> **Record extracts**
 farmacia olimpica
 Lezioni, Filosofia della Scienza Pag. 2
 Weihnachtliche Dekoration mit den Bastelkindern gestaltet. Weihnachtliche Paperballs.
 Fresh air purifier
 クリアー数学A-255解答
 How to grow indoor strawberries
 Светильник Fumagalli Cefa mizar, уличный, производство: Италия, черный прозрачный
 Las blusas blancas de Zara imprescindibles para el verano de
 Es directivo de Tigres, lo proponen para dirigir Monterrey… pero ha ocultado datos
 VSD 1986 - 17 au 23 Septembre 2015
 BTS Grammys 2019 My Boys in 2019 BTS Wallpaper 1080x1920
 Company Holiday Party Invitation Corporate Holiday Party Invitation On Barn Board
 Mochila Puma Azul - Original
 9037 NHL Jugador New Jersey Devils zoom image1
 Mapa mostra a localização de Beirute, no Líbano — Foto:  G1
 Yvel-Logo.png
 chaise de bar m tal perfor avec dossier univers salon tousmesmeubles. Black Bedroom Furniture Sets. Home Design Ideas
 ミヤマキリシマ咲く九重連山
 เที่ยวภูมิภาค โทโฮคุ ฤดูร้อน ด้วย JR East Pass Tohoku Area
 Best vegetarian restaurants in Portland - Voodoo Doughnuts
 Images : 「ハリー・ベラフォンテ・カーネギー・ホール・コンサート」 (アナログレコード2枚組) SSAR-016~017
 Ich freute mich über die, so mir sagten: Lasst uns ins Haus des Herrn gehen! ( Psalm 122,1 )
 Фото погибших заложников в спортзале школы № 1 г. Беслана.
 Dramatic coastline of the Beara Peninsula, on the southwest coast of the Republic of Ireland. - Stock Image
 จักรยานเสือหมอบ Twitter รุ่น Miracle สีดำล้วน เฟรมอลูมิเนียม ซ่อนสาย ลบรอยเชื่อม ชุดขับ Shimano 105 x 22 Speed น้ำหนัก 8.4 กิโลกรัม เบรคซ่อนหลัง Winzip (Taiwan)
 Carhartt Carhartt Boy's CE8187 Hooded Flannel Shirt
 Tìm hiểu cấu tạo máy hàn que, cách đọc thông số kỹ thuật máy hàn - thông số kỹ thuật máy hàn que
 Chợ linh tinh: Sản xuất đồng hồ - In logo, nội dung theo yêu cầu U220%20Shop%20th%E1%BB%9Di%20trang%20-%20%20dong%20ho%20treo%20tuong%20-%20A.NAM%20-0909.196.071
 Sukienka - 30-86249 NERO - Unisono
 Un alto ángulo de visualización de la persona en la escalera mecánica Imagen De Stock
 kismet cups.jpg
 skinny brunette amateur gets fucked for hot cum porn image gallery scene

> **Exercise**
From the listing above, output exactly the run of lines that starts with the line containing "Chợ linh tinh: Sản" and ends with the line containing "Sukienka - 30-86249 NERO - Unisono".

> **Reply to the task**
 Chợ linh tinh: Sản xuất đồng hồ - In logo, nội dung theo yêu cầu U220%20Shop%20th%E1%BB%9Di%20trang%20-%20%20dong%20ho%20treo%20tuong%20-%20A.NAM%20-0909.196.071
 Sukienka - 30-86249 NERO - Unisono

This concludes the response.